Ram: It would be the self creating life through human beings. But this will not happen, because the self has already created life and the process is not a mystery to it. If there is some need for life made by humans apart from life made by consciousness, then it might happen. But what is the advantage? How does it serve the self? And remember, there is only the self. We already have life in spades and it does not change anything at all. So some weird creature that man concocts will be an improvement? At best it would just be an odd curiosity. This attempt to create life is just human vanity, basically a bunch of crazy materialistic intellectuals with a lot of big money working on an unsolvable problem, probably motivated in no small measure by their desire to stick it to the religious types who know that only God creates life. Yet if they can create an organism that does not suffer, sign me up. The cells in conscious beings right now are not aware. They are just material structures that borrow life from omnipresent consciousness.

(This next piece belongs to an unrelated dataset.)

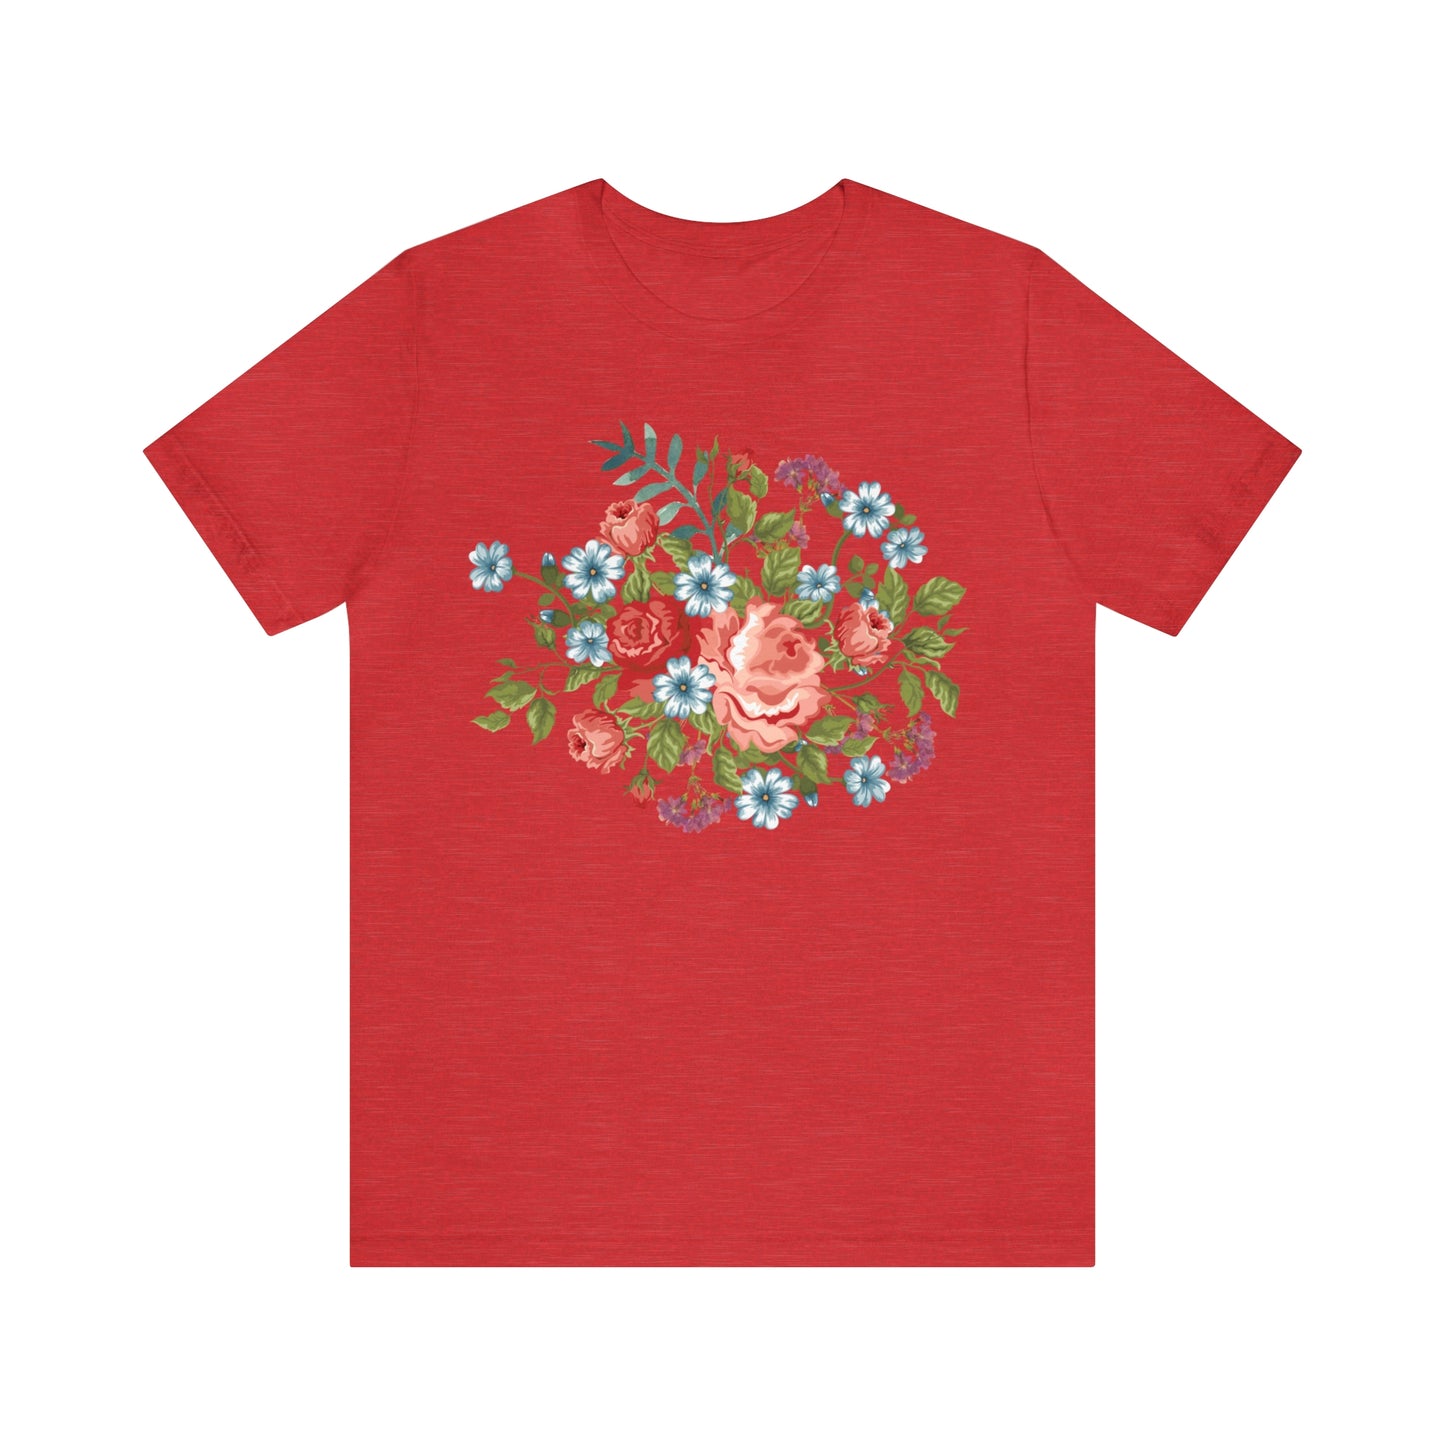 Flower Shirt, Botanical shirt, flower T shirt, floral shirt, wild flowers shirt, birth flower shirt, custom flower shirt, wildflowers shirt, plant lady shirt,  birth flower gift,
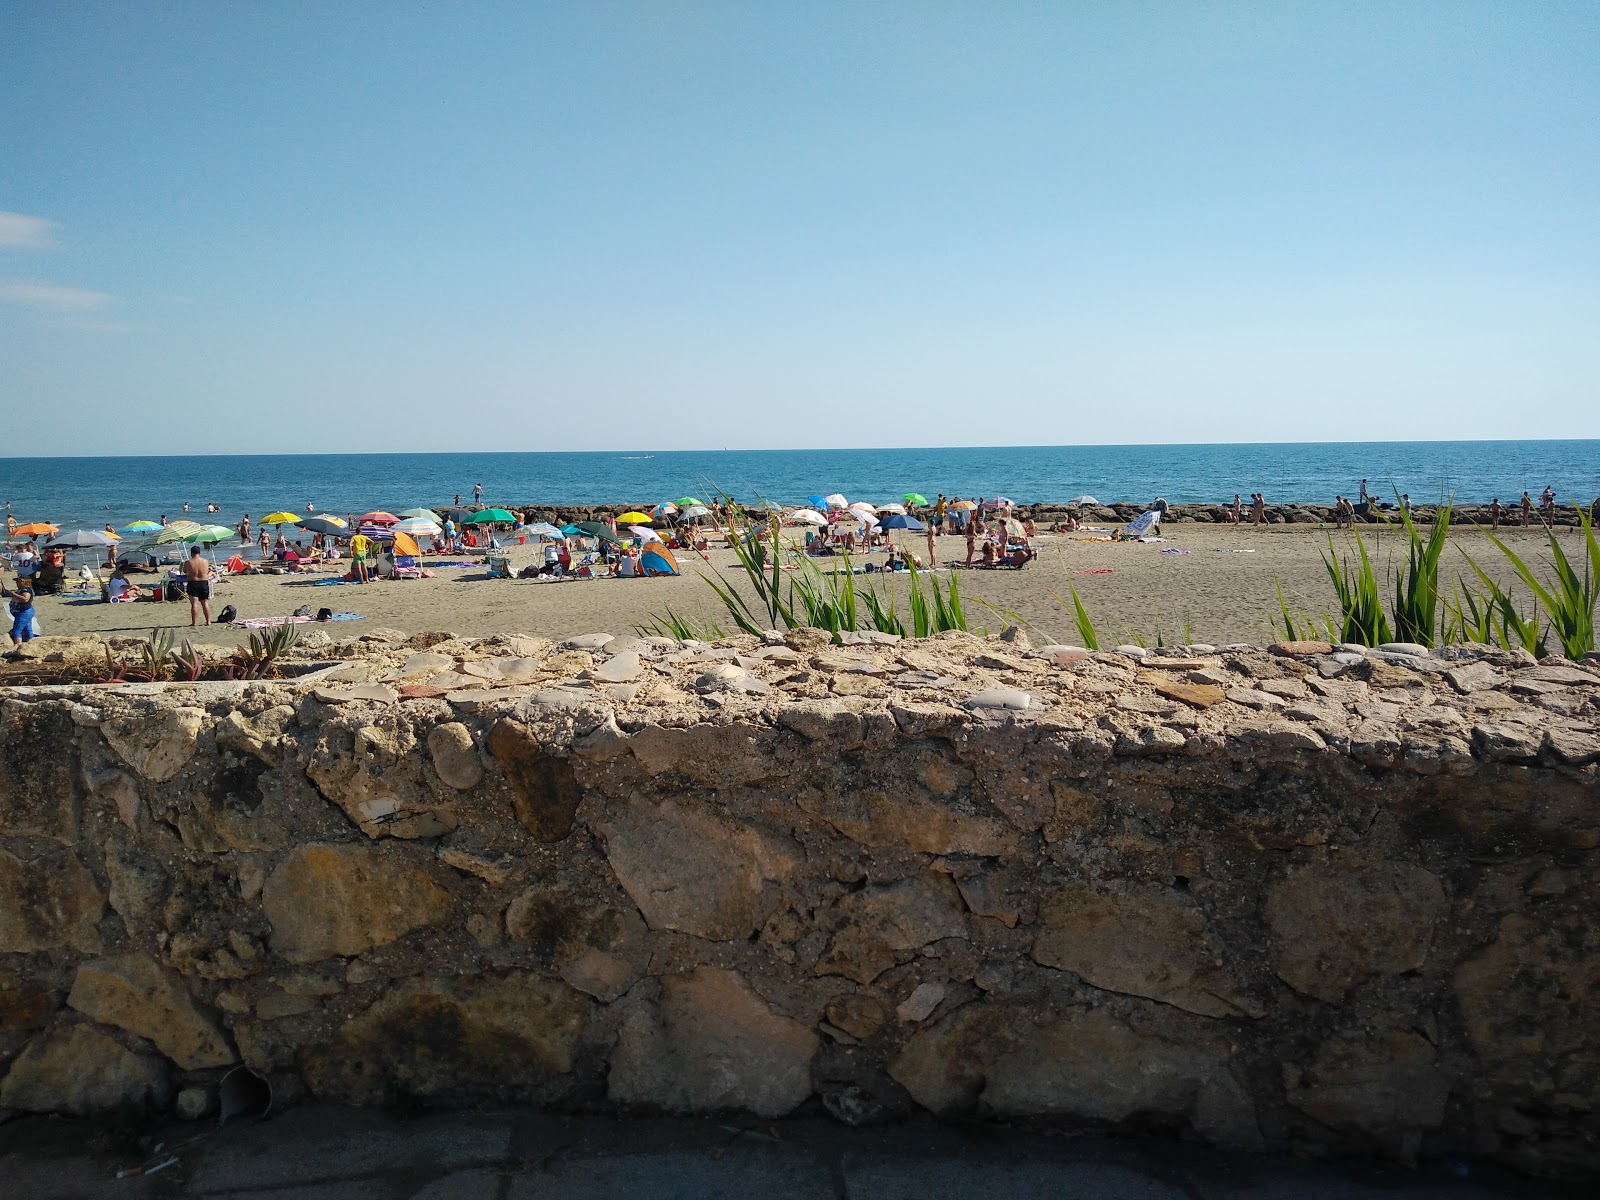 Zdjęcie Il Castello beach - popularne miejsce wśród znawców relaksu

If science was able to create an aware organism, it would not refute the notion that matter comes from awareness, because it was awareness operating through the mind of the scientist that caused matter to become aware. But matter will never become aware, although it is awareness, because it is inert. You cannot get something out of nothing. There has to be life it already for it to appear. The boundary between awareness and matter is impermeable. Actually, the teenage romance question was more interesting. These scientists are nuts.